Les réformes inévitables, pour difficiles et douloureuses qu’elles soient
Les réformes inévitables, pour difficiles et douloureuses qu’elles soient, sont possibles, quoi qu’on ait pu dire. Elles sont possibles parce qu’inévitables. Possibles aussi au regard de la gravité de la situation. Sans ces réformes, il ne peut y avoir de solution à la crise globale, multiforme qui sévit et dont on ne voit pas l’issue – sinon celle d’un effondrement total de l’économie. C’est un scénario catastrophe aux conséquences désastreuses : faillite économique et financière, perte d’emplois, explosion du chômage, de la pauvreté, de la misère et des troubles sociaux. Le tout aggravé par une forte dépréciation du dinar. Sa dévaluation, c’est d’une certaine manière la nôtre, nous qui n’arrêtons pas de brandir le bouclier de dignité et de la souveraineté. Il ne résistera pas à ce cataclysme économique et financier. Faut-il se résigner à voir le pays vidé de ses compétences, de ses cadres, ingénieurs, universitaires, chercheurs, médecins, de ses architectes du futur, de ses hommes et femmes de demain ? Faut-il se désespérer de les voir prendre le chemin de l’exil, aller là où ils trouveront ce qu’ils ont déjà perdu ici, la perspective d’une vie meilleure ? L’hémorragie a déjà atteint son niveau d’alerte. Attention, danger imminent !… Nous mourrions tous de cette saignée, si elle venait à s’aggraver.
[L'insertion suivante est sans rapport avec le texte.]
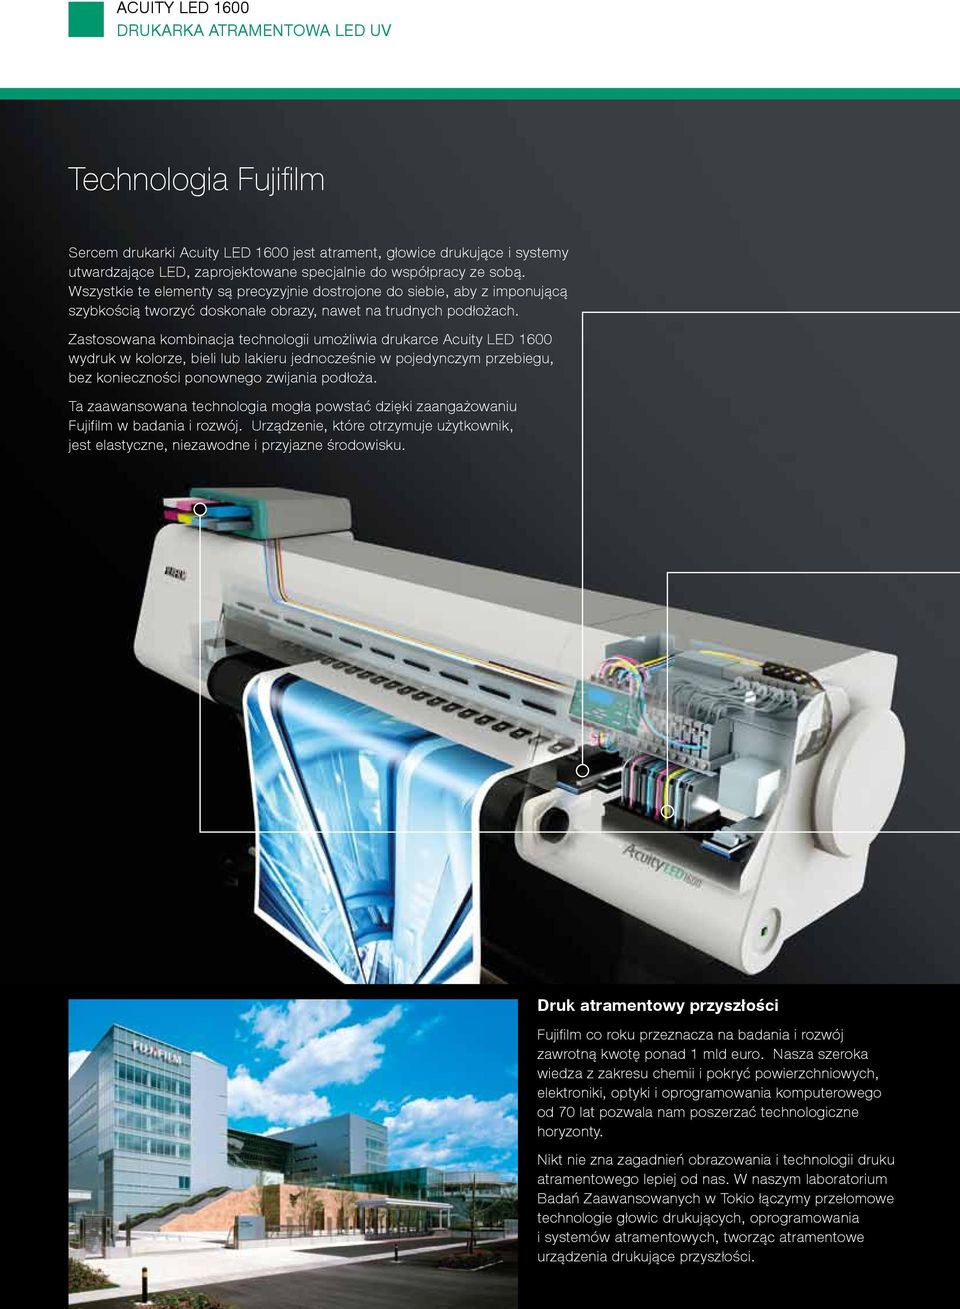 Zastosowana kombinacja technologii umożliwia drukarce Acuity LED 1600 wydruk w kolorze, bieli lub lakieru jednocześnie w pojedynczym przebiegu, bez konieczności ponownego zwijania podłoża.

Engager dans l’urgence ces réformes
Il n’y a pas d’autres moyens pour éviter l’irréparable et prévenir cette mort cérébrale que d’engager, dans l’immédiat, dans l’urgence, ces réformes dont on n’arrête pas de parler. Curieusement, le moment est des plus favorables, en raison de considérations internes et géopolitiques. Le président de la République, qui concentre tous les pouvoirs, doit profiter d’un alignement des planètes dont il n’est pas tout à fait étranger pour en donner le signal. Il le faut, ne serait-ce que pour nous prouver à nous-mêmes que nous n’avons rien perdu de notre génie national, de notre intelligence collective, de notre singularité, de notre capacité de rebond et de survie. Ils n’ont pas été abimés par la succession des chocs, des troubles et des crises de ces douze dernières années. Le pays peut et doit se fixer un véritable dessein national, retrouver son statut, son rang, la confiance et le respect des institutions financières des marchés, des créanciers frères et amis dont il ne peut se passer. Car il ne peut, à lui seul, sortir d’une si grande impasse.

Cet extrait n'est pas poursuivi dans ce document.